Source material:

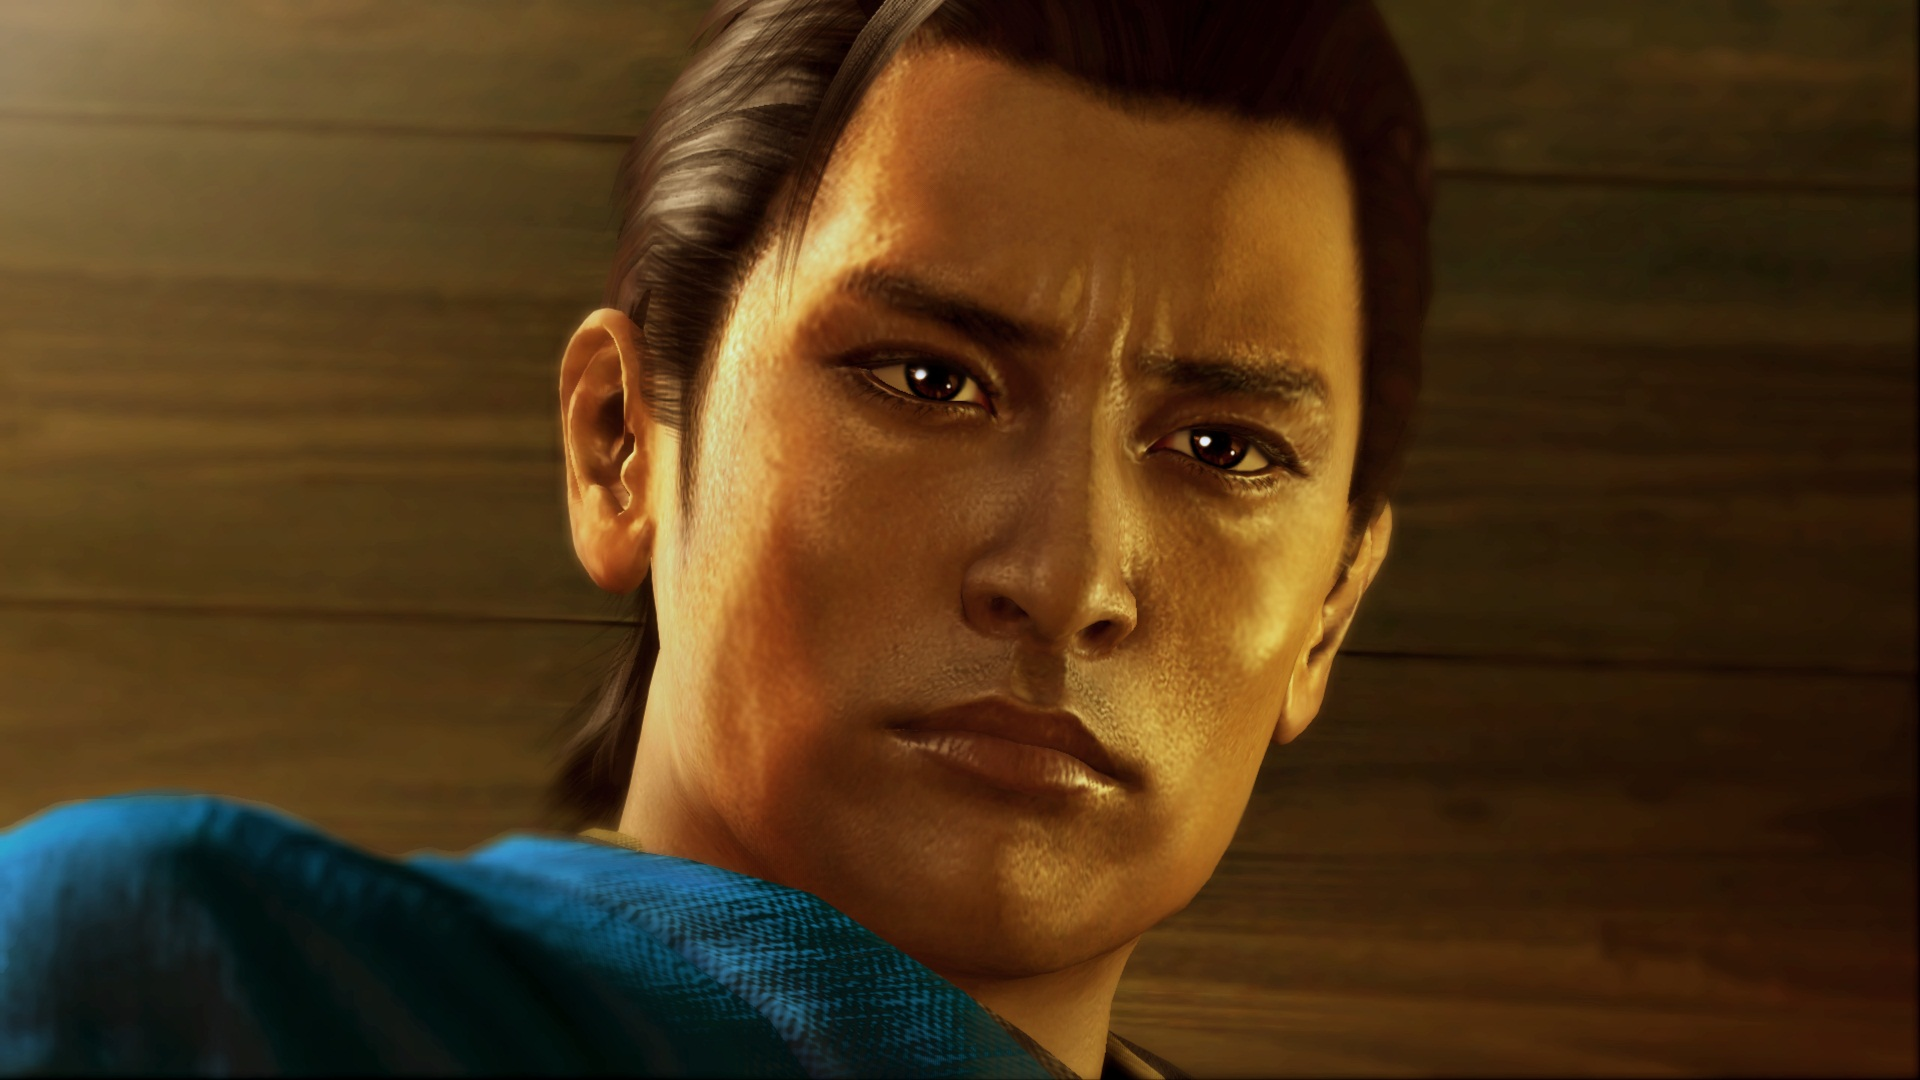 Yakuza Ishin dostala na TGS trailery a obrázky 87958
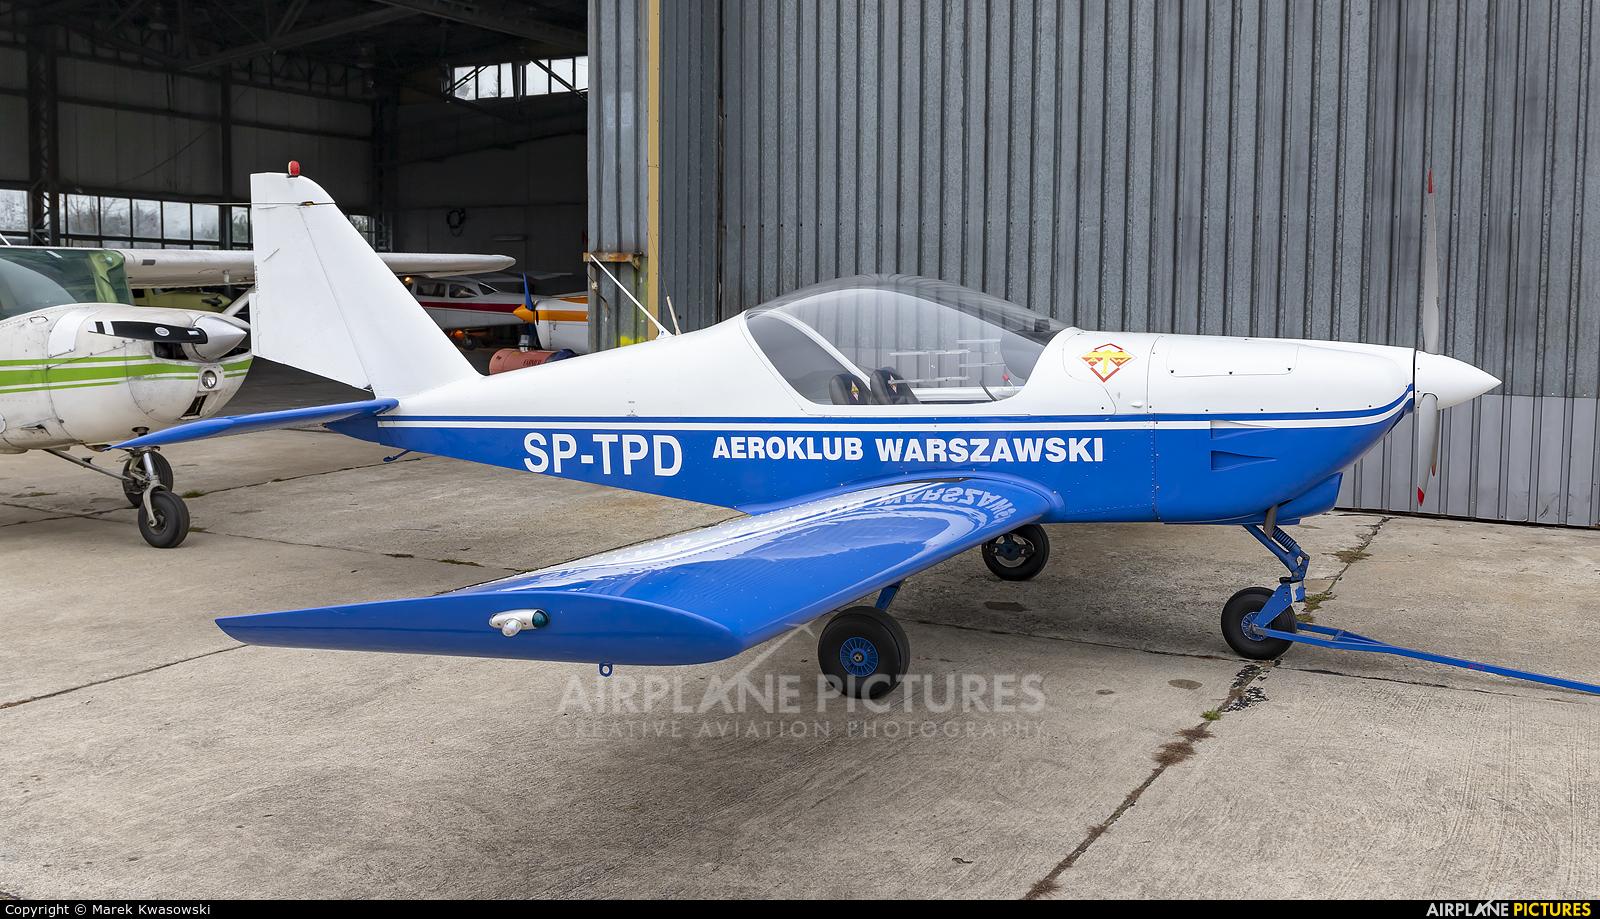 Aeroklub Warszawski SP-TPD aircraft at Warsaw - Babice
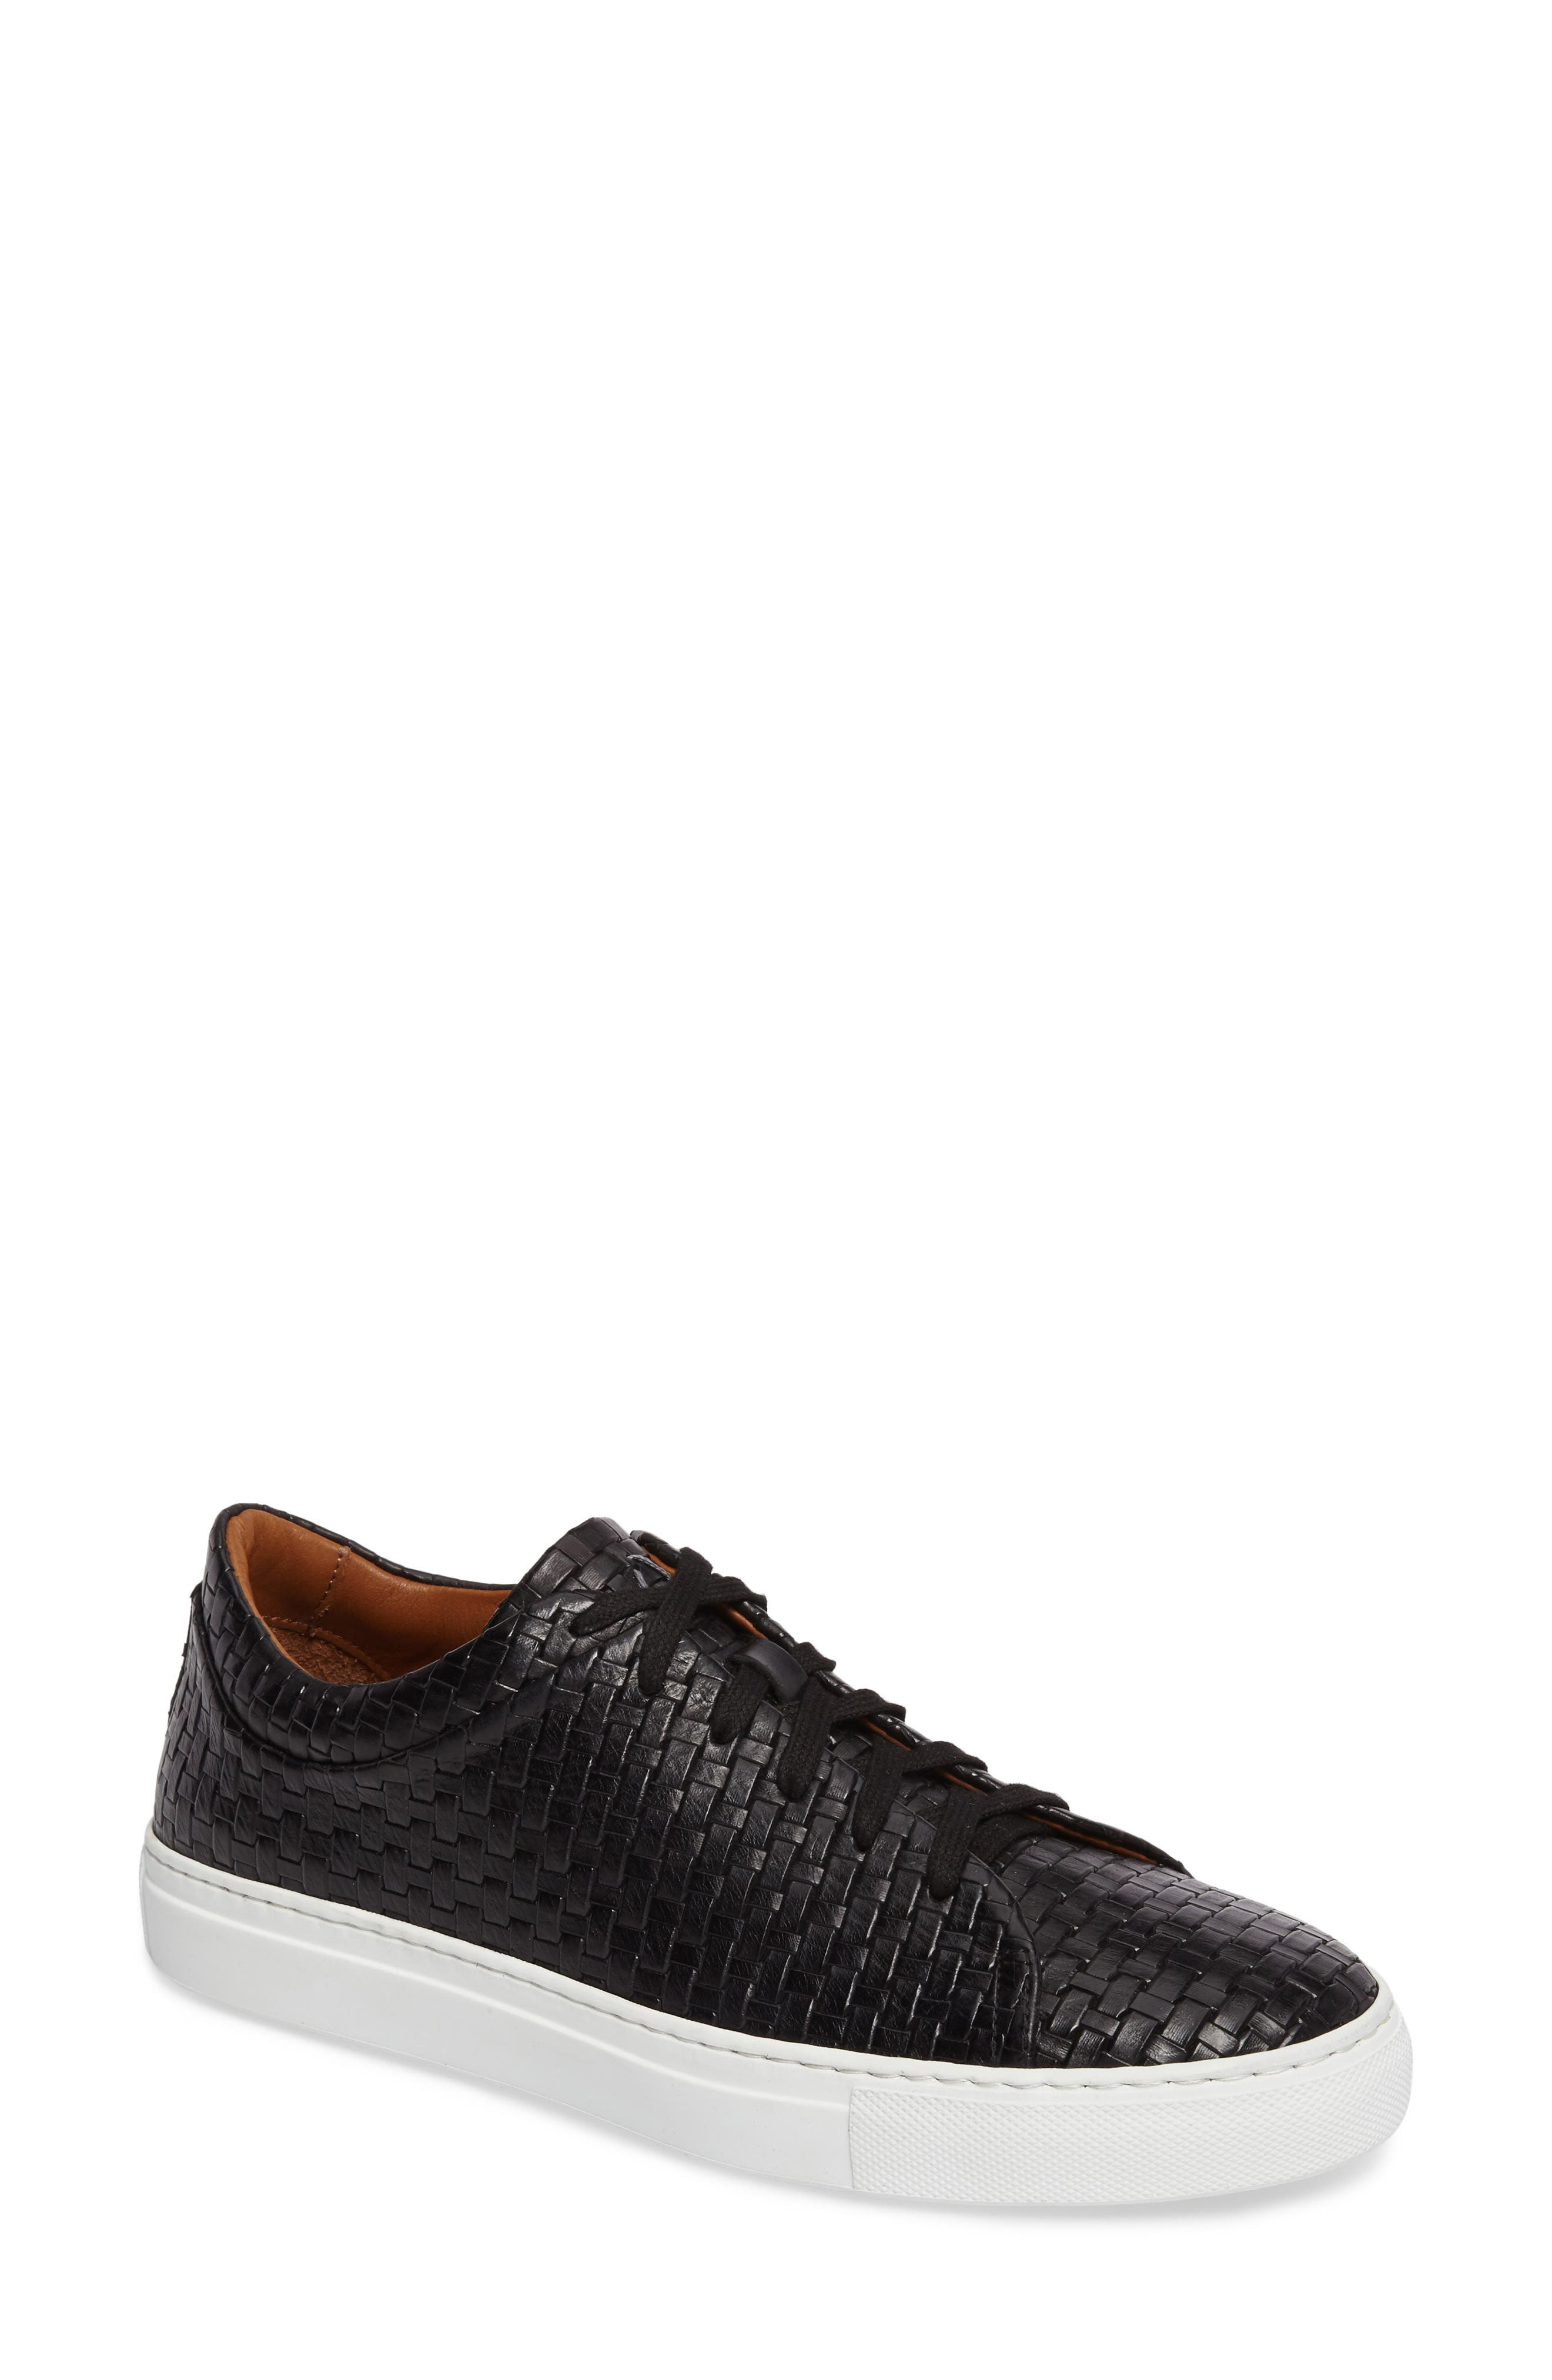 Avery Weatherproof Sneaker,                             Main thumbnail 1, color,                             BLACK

Task statement:
Repeat the listing word for word, omitting the pictures.

Solution to this task:
 Yakuza Ishin dostala na TGS trailery a obrázky 87958
 Aeroklub Warszawski SP-TPD aircraft at Warsaw - Babice
 Avery Weatherproof Sneaker,                             Main thumbnail 1, color,                             BLACK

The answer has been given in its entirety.